Artwork
Untitled

Untitled is an ink print by Georg Schrimpf. It dates from 1918 and is held in the collection of the Museum of Modern Art.
About this work
Overview
Executed in black and white, the print employs stark contrasts and simplified forms to depict a quiet, intimate scene.
Created in 1918, this woodcut by Georg Schrimpf belongs to the early phase of Neue Sachlichkeit, a German artistic movement that turned away from emotional abstraction toward measured realism. Executed in black and white, the print employs stark contrasts and simplified forms to depict a quiet, intimate scene. Schrimpf’s approach avoids dramatic expression, favoring clarity and compositional restraint.
Subject & Meaning
Two nude figures are positioned within a dense, stylized jungle. The woman faces the man, who is seen from behind, his head turned toward her in a gesture of quiet attention. The setting suggests a private, almost mythic moment, stripped of narrative detail. The absence of context invites contemplation rather than interpretation, aligning with the movement’s preference for objective observation over symbolic storytelling.
Technique & Style
Schrimpf used bold, carved black lines to define forms, creating sharp contrasts against the uninked paper. The foliage and figures are rendered with rhythmic, repetitive patterns that emphasize texture over naturalism.
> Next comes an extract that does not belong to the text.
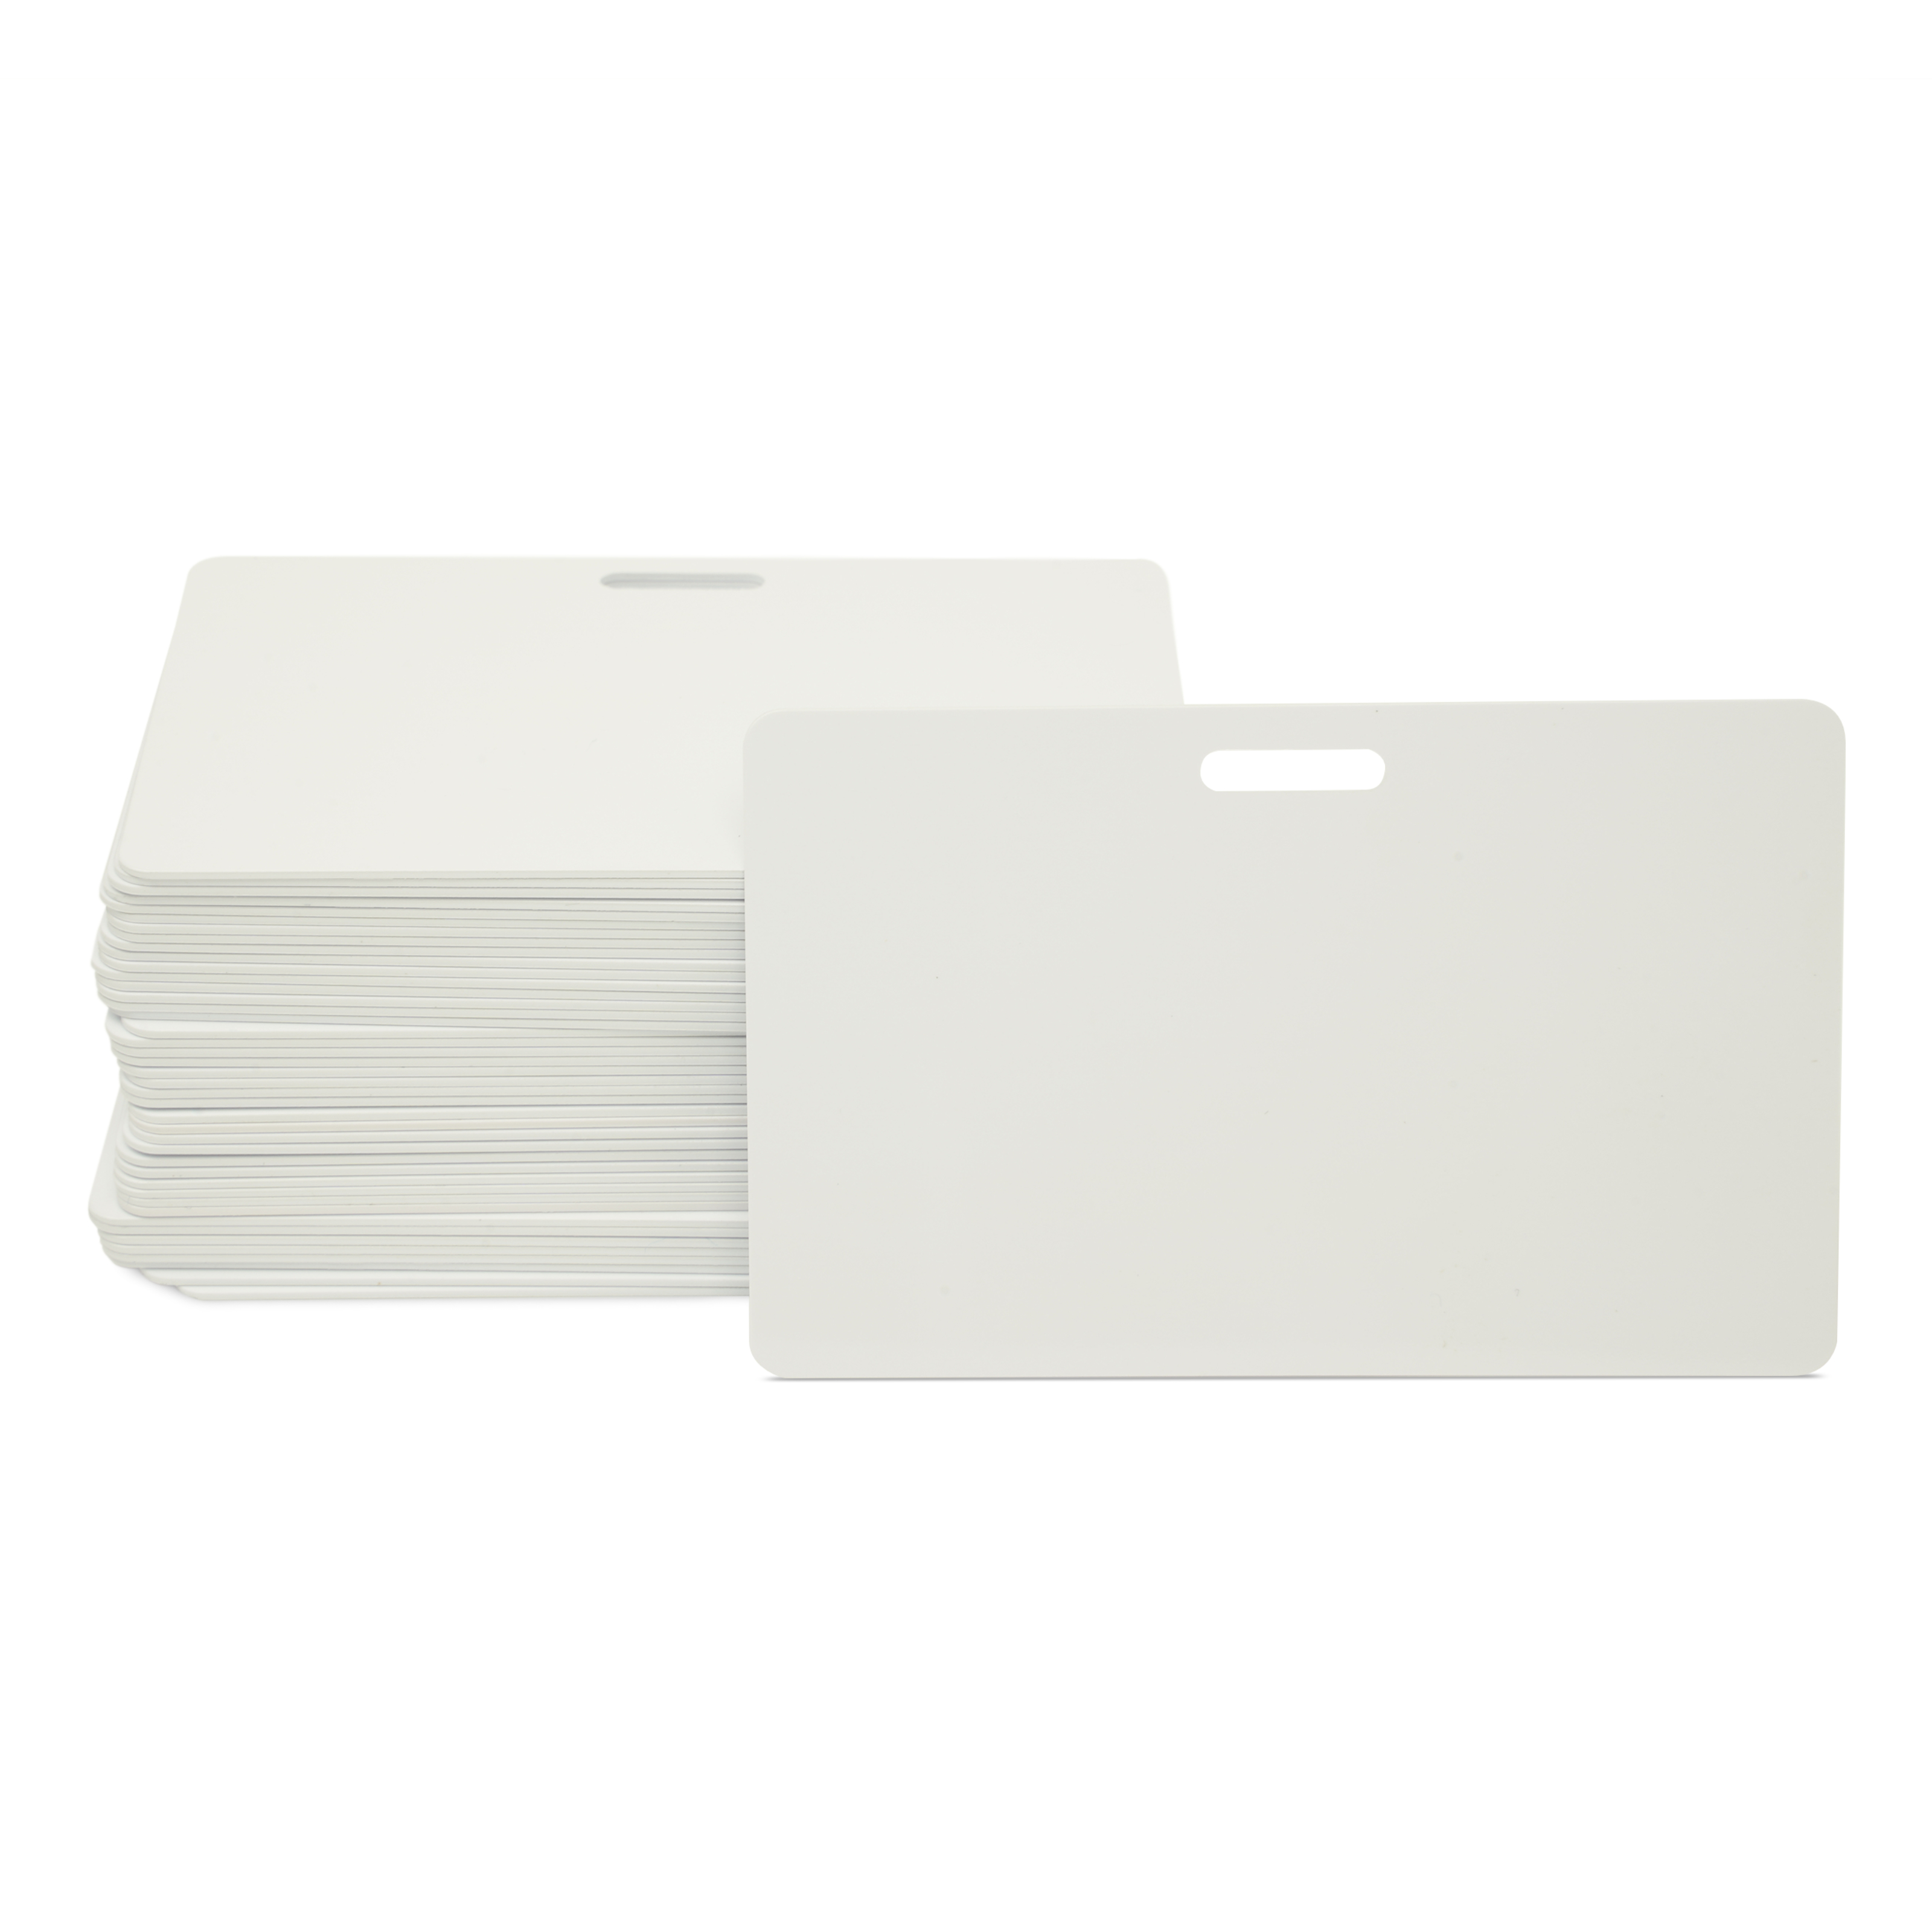 NFC Karte PVC - 85,6 x 54 mm - NTAG213 - 180 Byte - weiß - Querformat mit Schlitz

The woodcut’s graphic intensity stems from its reduction of detail—each element is simplified into essential shapes, reflecting a deliberate move away from Expressionist fluidity toward structural clarity.
History & Provenance
Produced shortly after World War I, the work emerged during a period of cultural reevaluation in Germany. Schrimpf, alongside Dix and Grosz, helped define Neue Sachlichkeit’s visual language. While the exact provenance of this specific print is not widely documented, it aligns with his early output from the period, often circulated in artist-led publications or small exhibitions focused on postwar realism.
Context
In the aftermath of war and social upheaval, many German artists rejected the emotional intensity of Expressionism in favor of a cooler, more detached mode of representation. Schrimpf’s woodcut reflects this shift, using the natural world not as a backdrop for psychological drama but as a neutral field for human presence. The jungle setting, while exoticized, is rendered without romanticism.
Legacy
This print exemplifies Schrimpf’s contribution to Neue Sachlichkeit’s formal vocabulary—its emphasis on clarity, economy of line, and restrained figuration. Though less widely known than his contemporaries, his work influenced later generations interested in the intersection of printmaking and observational realism. The woodcut remains a quiet testament to a moment when art sought to re-engage with the visible world without embellishment.
Artist & collection
Artist
Georg Schrimpf (13 February 1889 – 19 April 1938) was a German painter and graphic artist.